Commercial LNA Options
- Best and most expensive: KU LNA 220240 A - 0.4dB NF, KU LNA 222 AH - 0.5dB NF
- Lower cost (relative), good performance: Minicircuits ZX60-242GLN-S+ - 0.9dB NF
Band pass Filter
Note that 2395MHz is only 5MHz below the 2.4GHz WiFi Channel 1, so good filtering will be needed to prevent strong, local WiFi signals from getting into the wide band satellite tuner and causing interference or de-sense. Phil M0DNY has a video on Youtube showing just how much stronger wi-fi can be than the HAMTV signal: https://www.youtube.com/watch?v=ZFvXjWo-MoY
It is desirable to put the filter AFTER the LNA so the noise figure of the system is not degraded by filter loss. However, you must ensure the LNA is not driven into compression (overloaded) by the local WiFi signals - if this is happening then the filter should be placed before the LNA at masthead as otherwise the HamTV signal may not decode.

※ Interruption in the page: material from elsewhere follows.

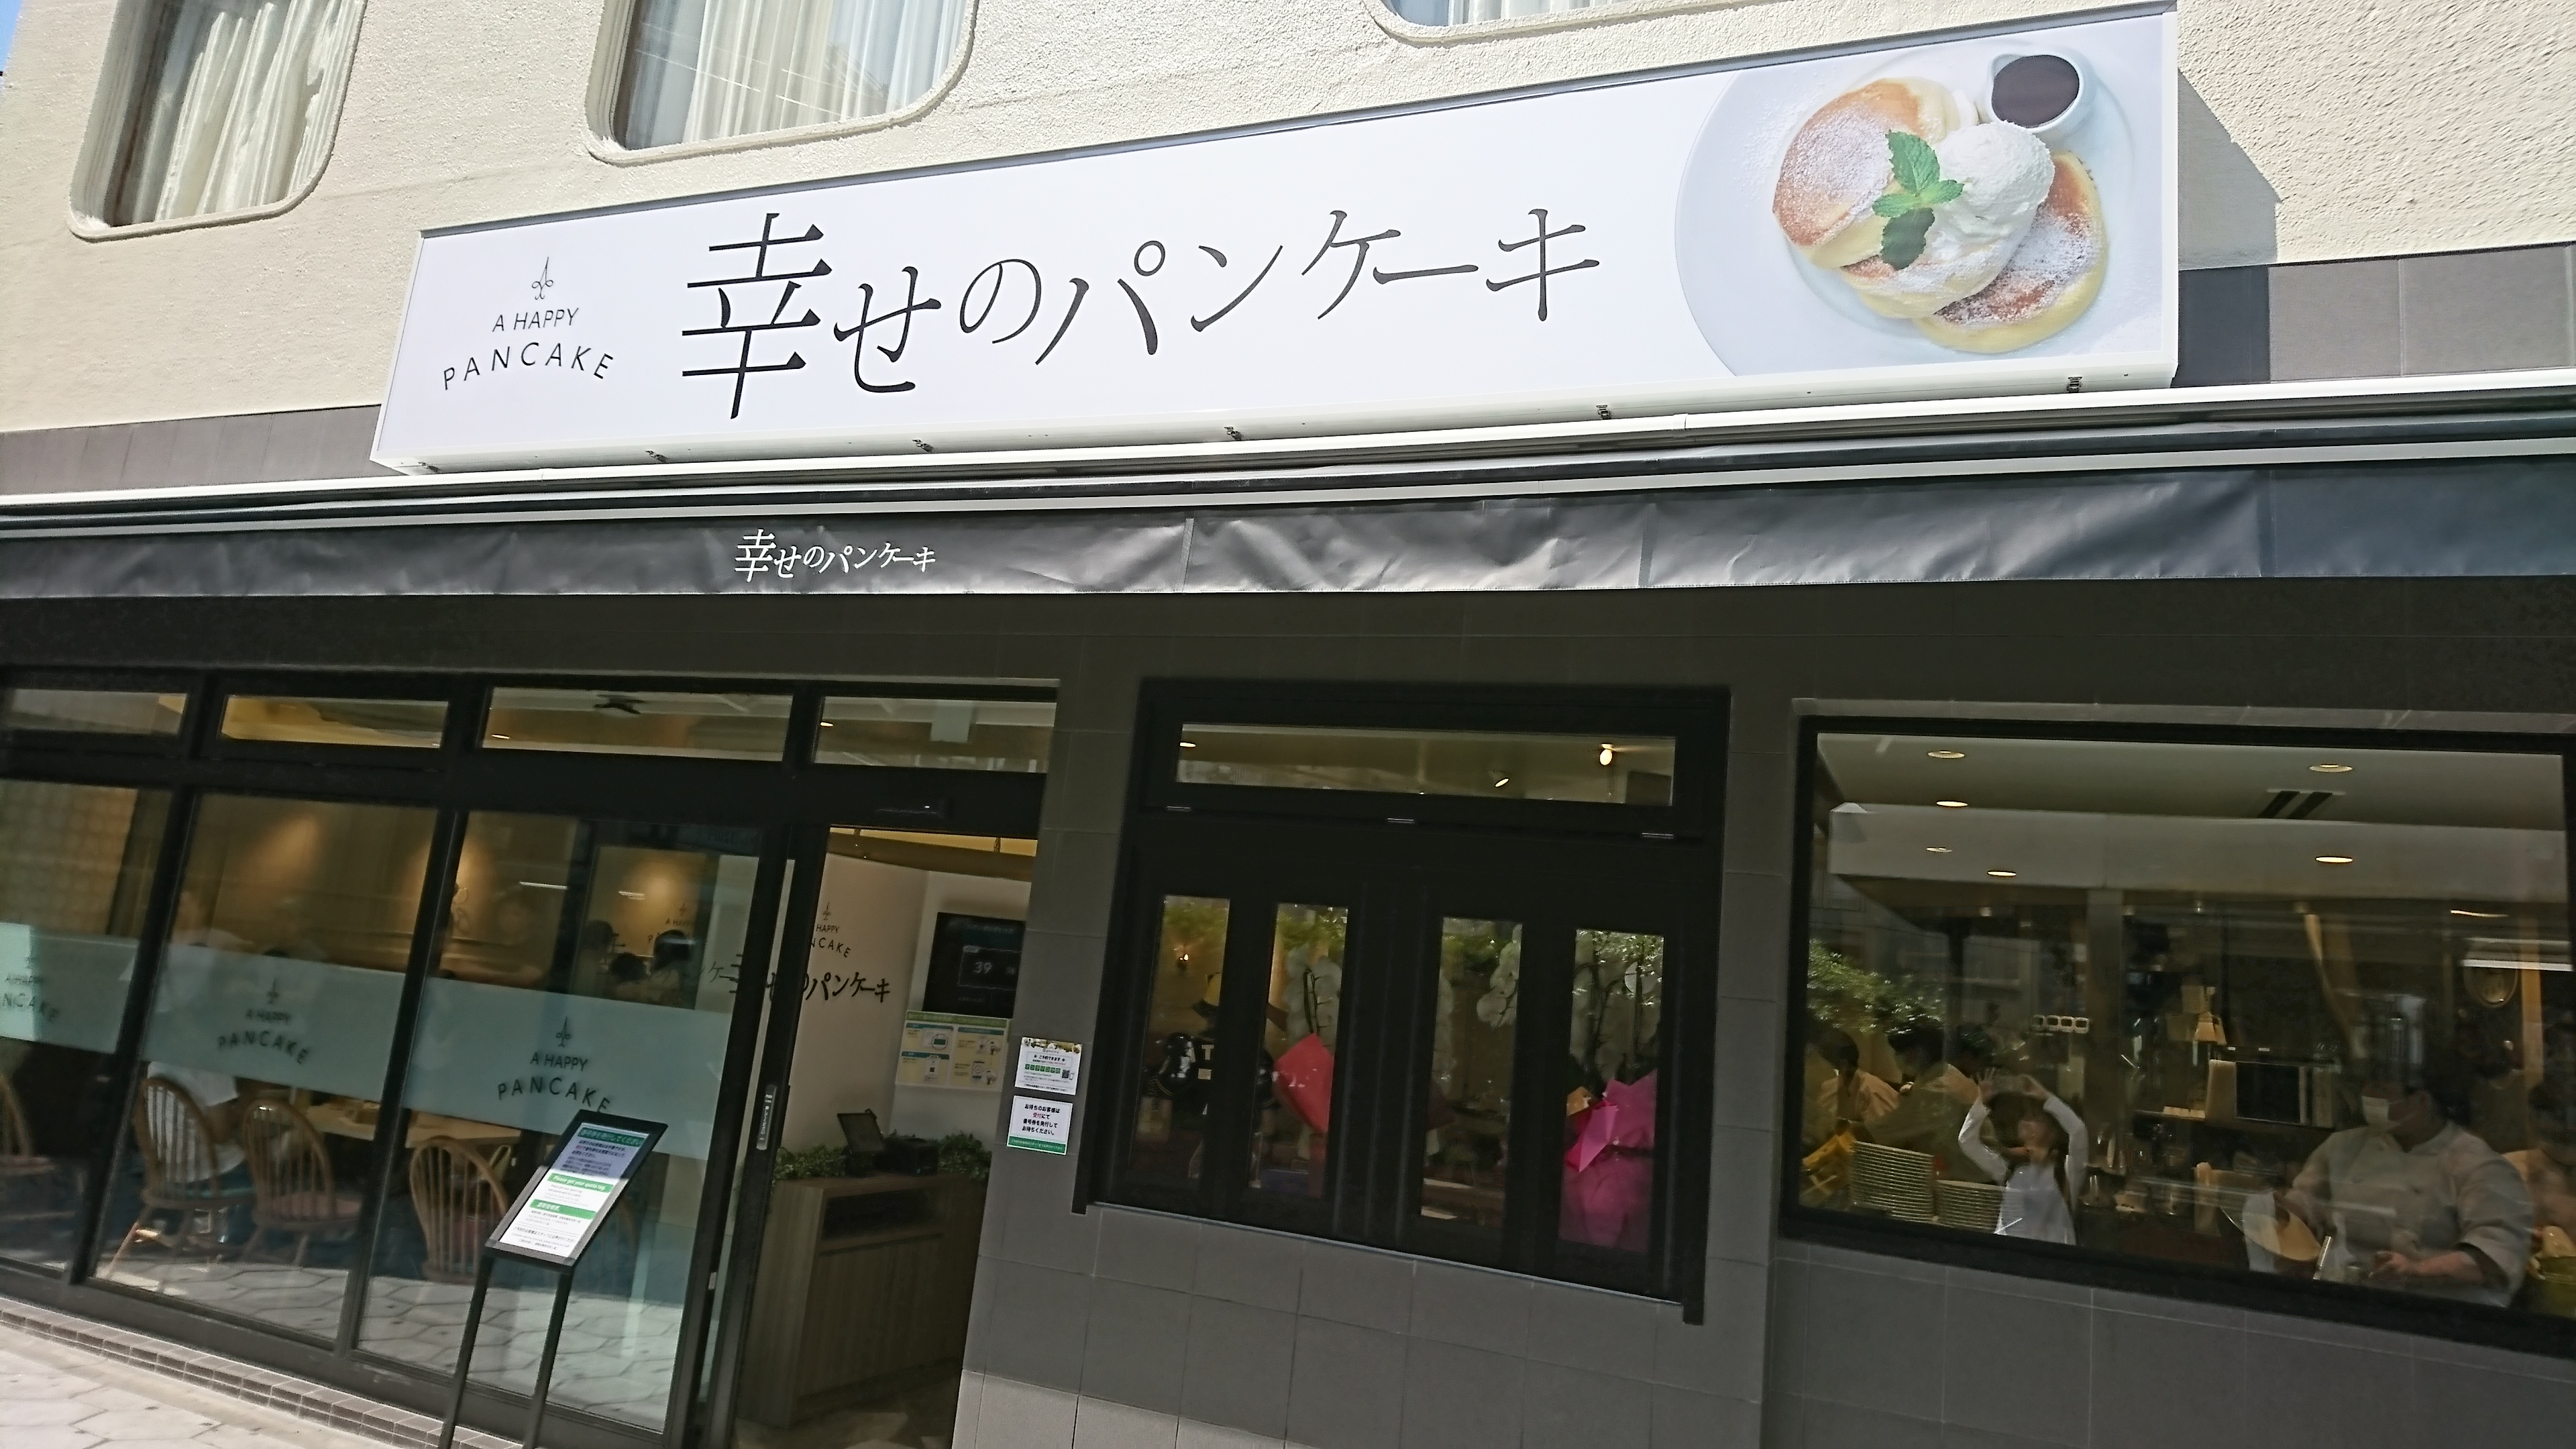 梅田に2店舗目となる 幸せのパンケーキ 梅田阪急東通り店 がオープンした 6 23 大阪キタじゃーなる

If you are using a downconverter, the filter can be at the IF frequency as long as the downconverter is not overloaded by the WiFi.

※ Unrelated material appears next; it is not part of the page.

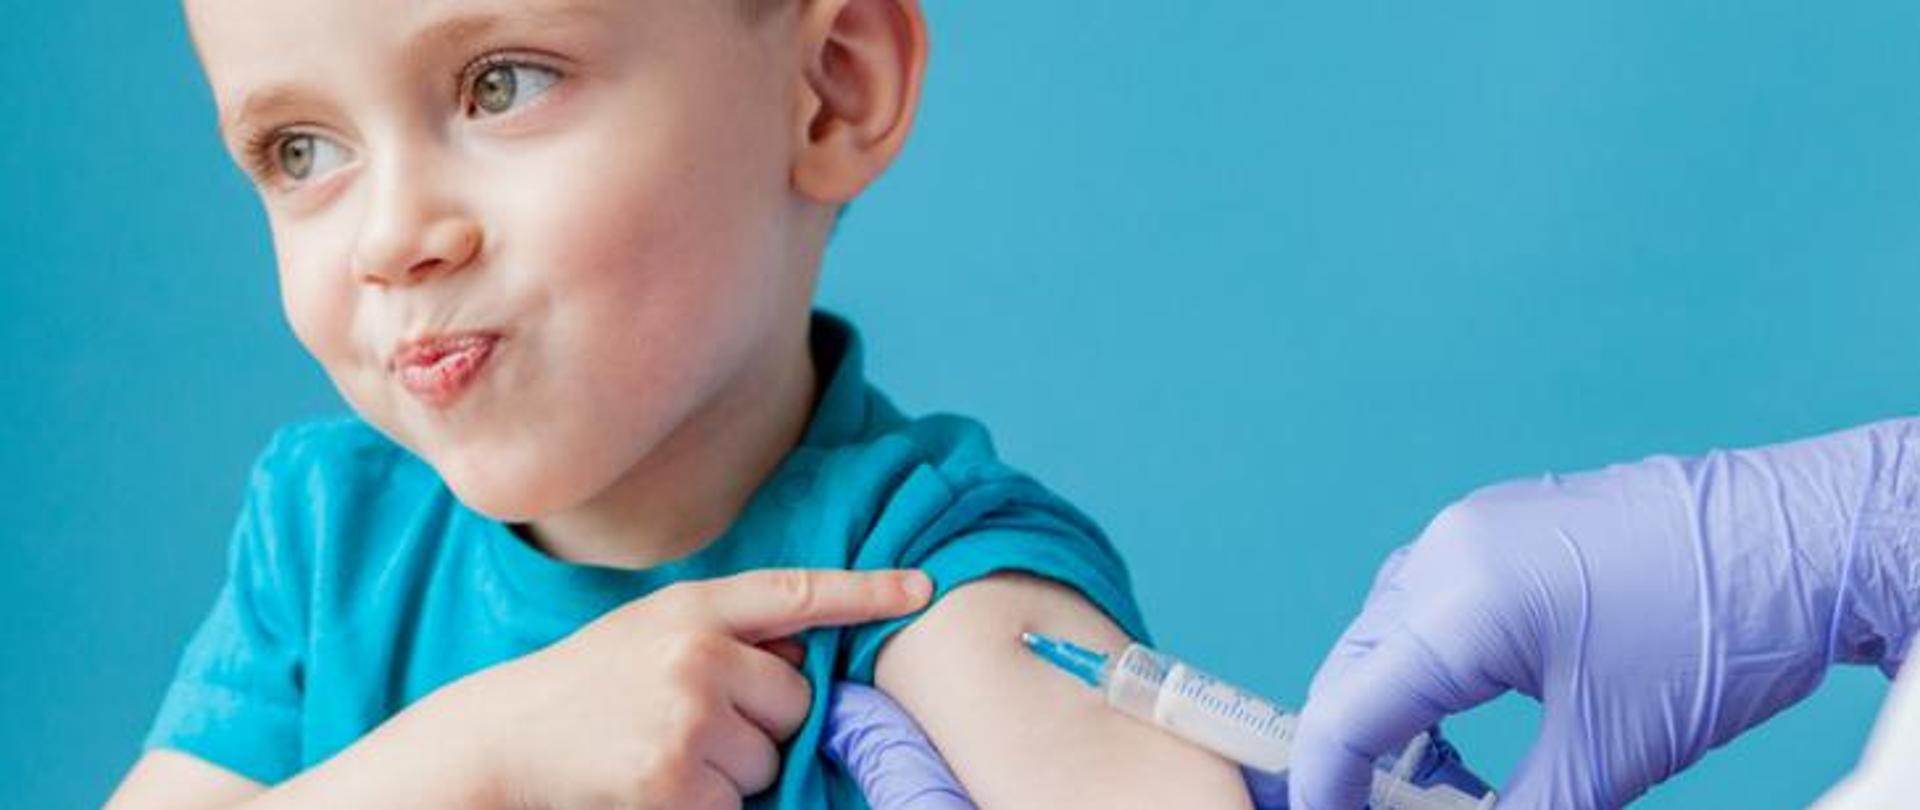 Na zdjęciu dziecko przyjmujące szczepionkę w ramię.

Multi-pole interdigital filters work well for this, and should ideally be tuned to provide a low-pass roll-off above 2396MHz.
More information on transmit and receive filters can be found on this wiki page: Filters
Note - in some countries 2395MHz may be allocated to other services which may cause problems to receive HamTV transmissions.
Receive co-ax cable
It is recommended to use professional grade satellite co-ax. If you are using a long cable run you must check the received signal level at the receiver - see below.
Receive Line amplifier
Satellite TV receivers need a high level of RF signal - they are designed for use with satellite LNBs which have ~55dB gain. Your masthead pre-amp must be followed by at least one satellite TV line amplifier with greater than 30 dB gain.
Your masthead LNA/LNB MUST have enough gain to overcome your co-ax cable loss. The satellite line amplifier can be placed at masthead if needed to help overcome the feeder loss or in the shack. To hear more about the importance of noise figure and gain distribution in a DATV receive system watch https://youtu.be/lfSi7vTQK44?si=wn_wLBjxco3_RnAf
You can check if you have enough gain in your receive system by checking the RF signal level on the Ryde, OpenTuner, MiniTiouner or Portsdown DATV receivers - the noise floor should sit between -30 to -70dBm when not receiving any signals.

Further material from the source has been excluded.